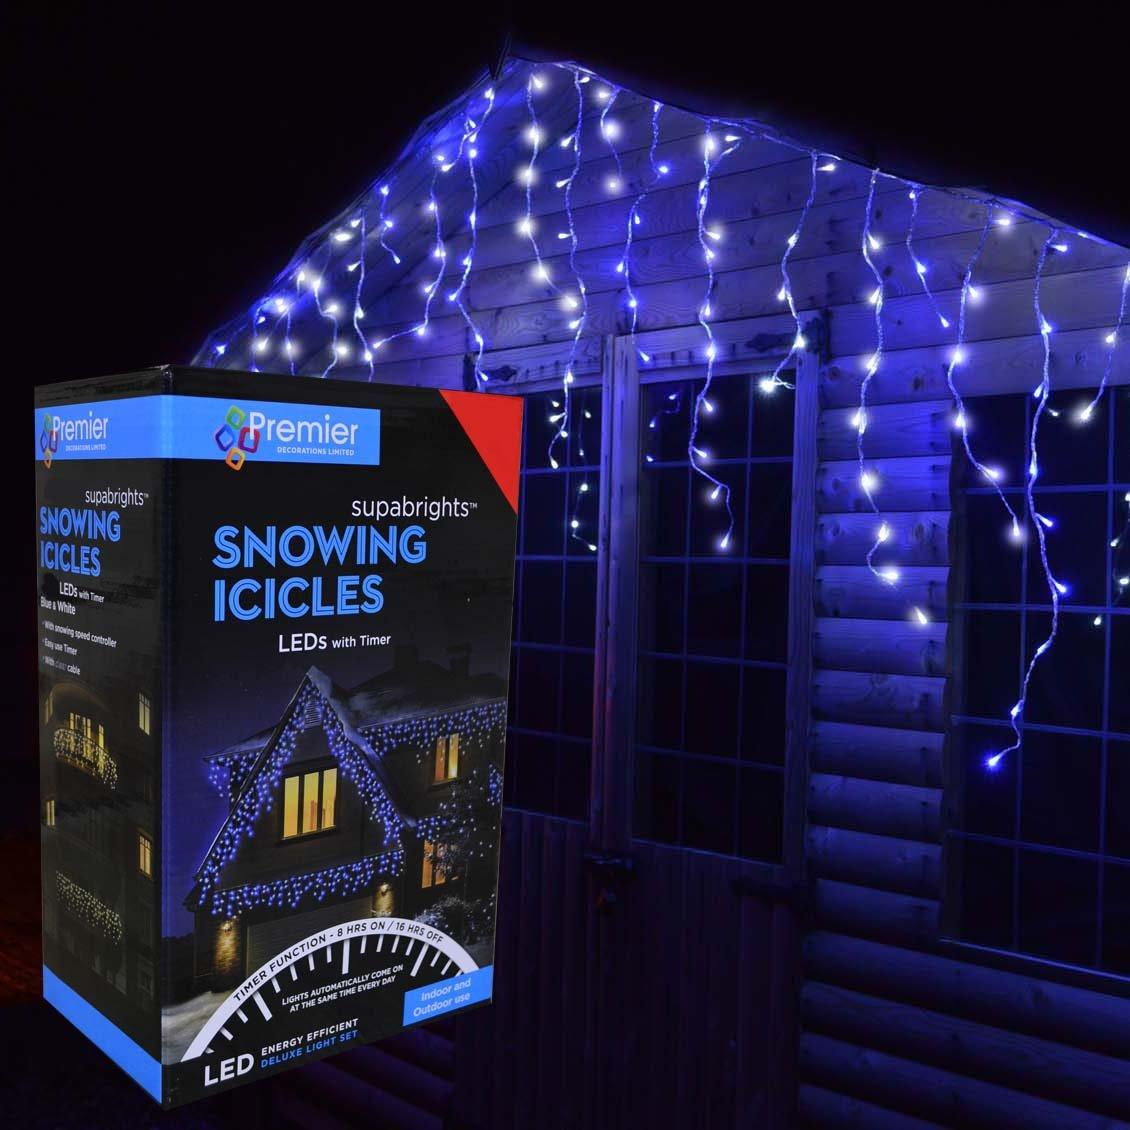 960 LED 23.8m Premier Snowing Iciclebrights Indoor Outdoor Multifunction Christmas Icicle Lights on 
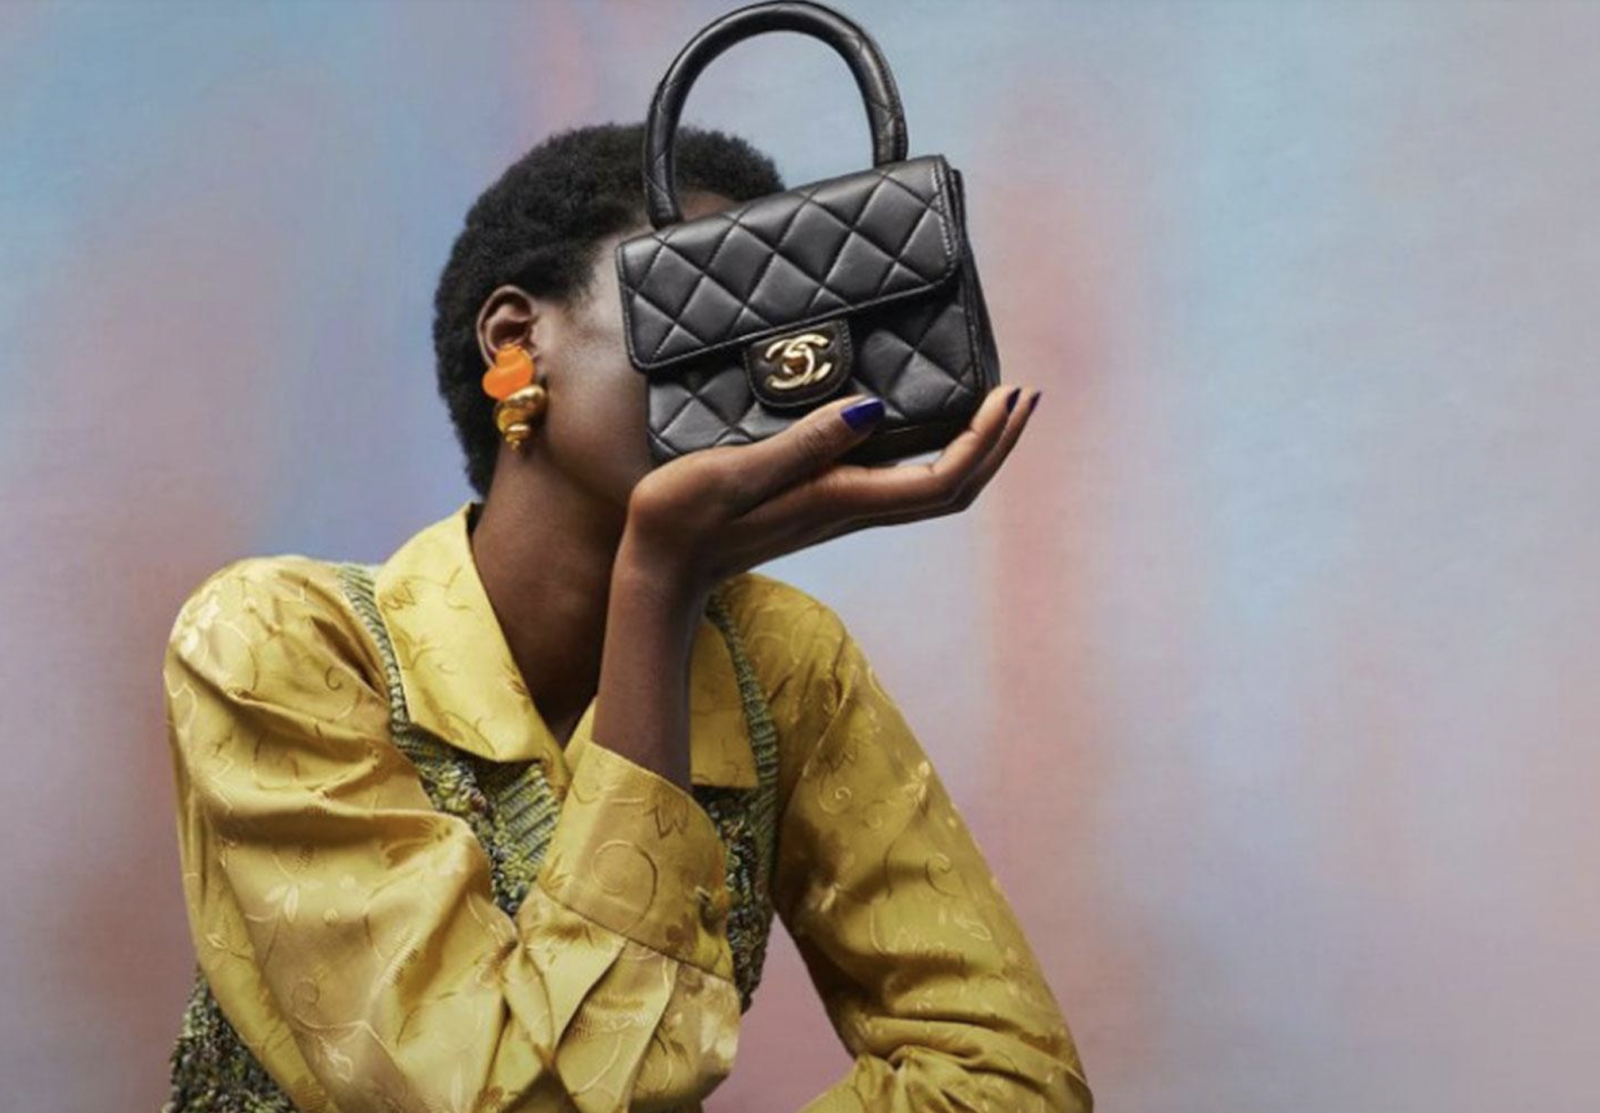 A woman holding a Chanel bag
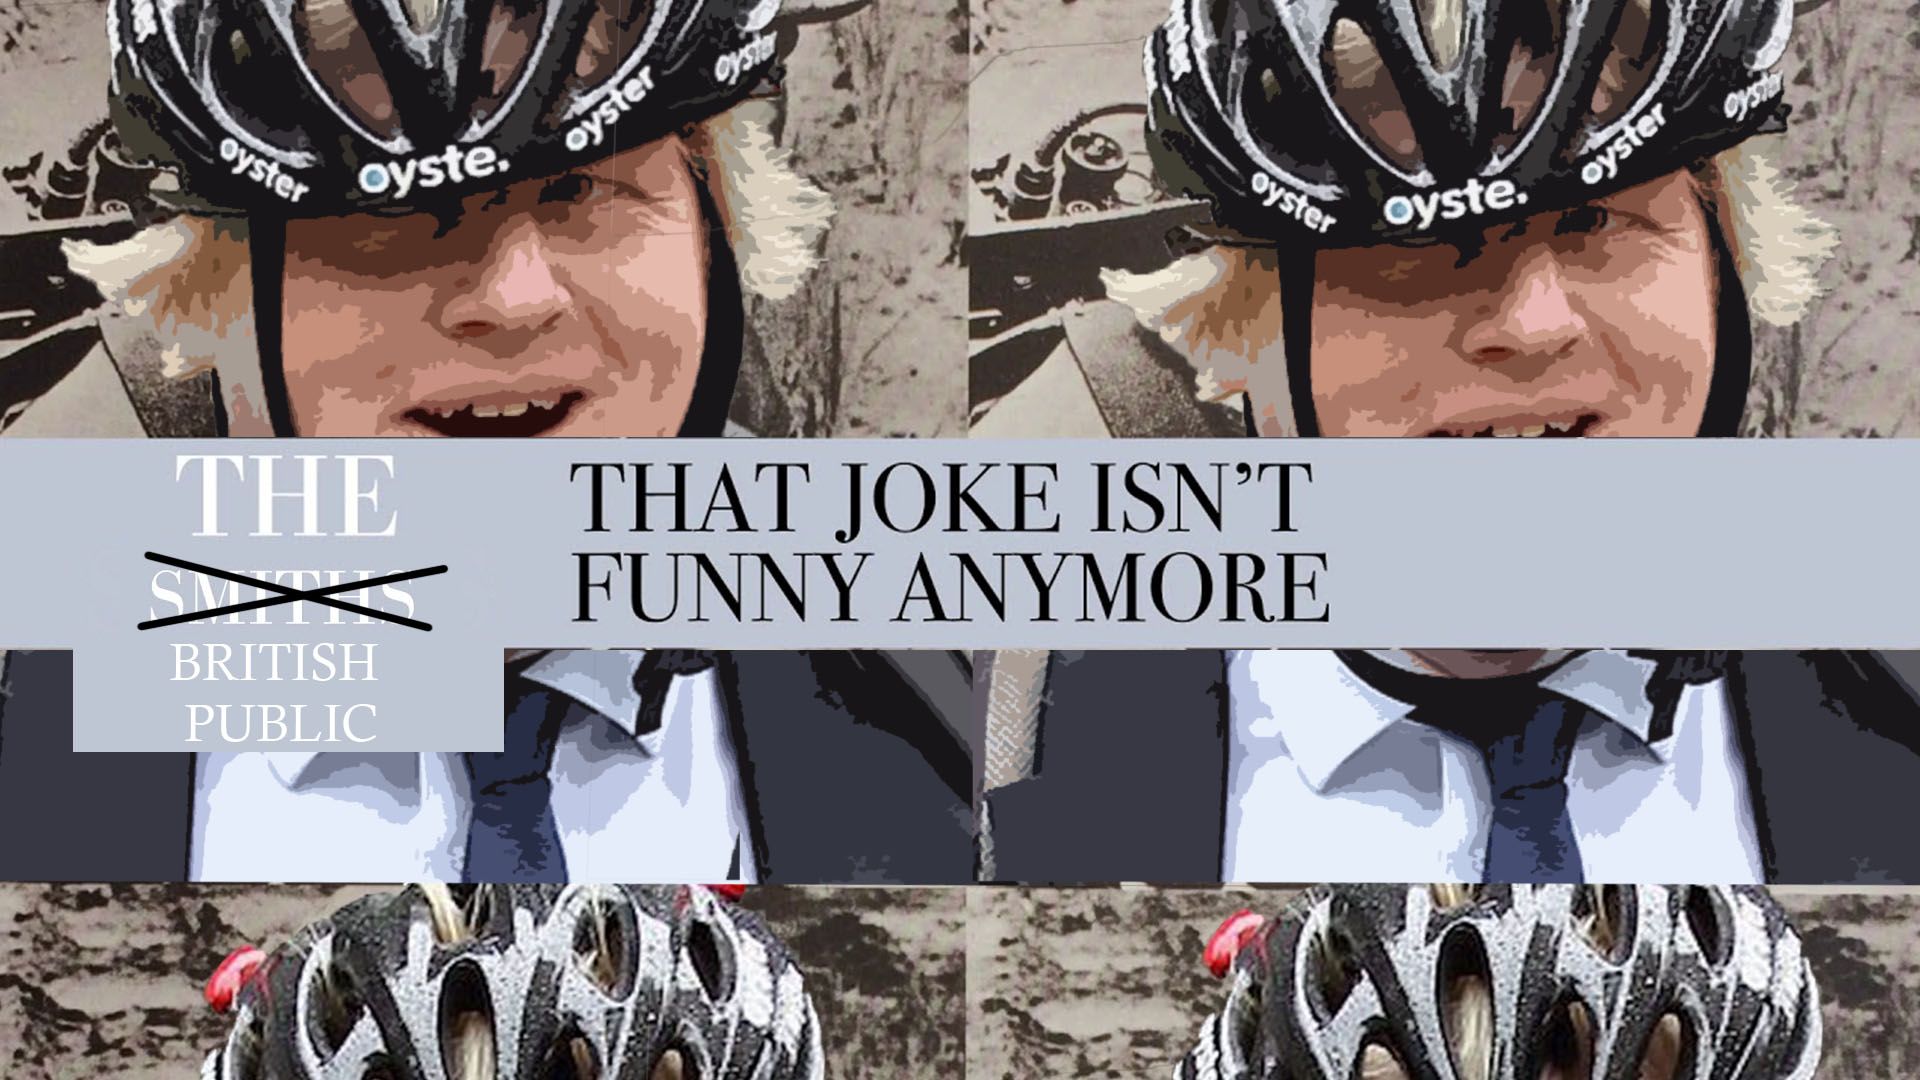 The photo shows The Smiths 'That Joke Isn't Funny Anymore' single cover, but 'The Smiths' is crossed out to read 'The British Public'. A picture of Boris Johnson in a cycle helmet is repeated in the background. Collage: Clementine Lawrence

Instructions for the task =
When you restate the listing above, give each line word for word but leave out every image.

Final answer =
 960 LED 23.8m Premier Snowing Iciclebrights Indoor Outdoor Multifunction Christmas Icicle Lights on 
 A woman holding a Chanel bag
 The photo shows The Smiths 'That Joke Isn't Funny Anymore' single cover, but 'The Smiths' is crossed out to read 'The British Public'. A picture of Boris Johnson in a cycle helmet is repeated in the background. Collage: Clementine Lawrence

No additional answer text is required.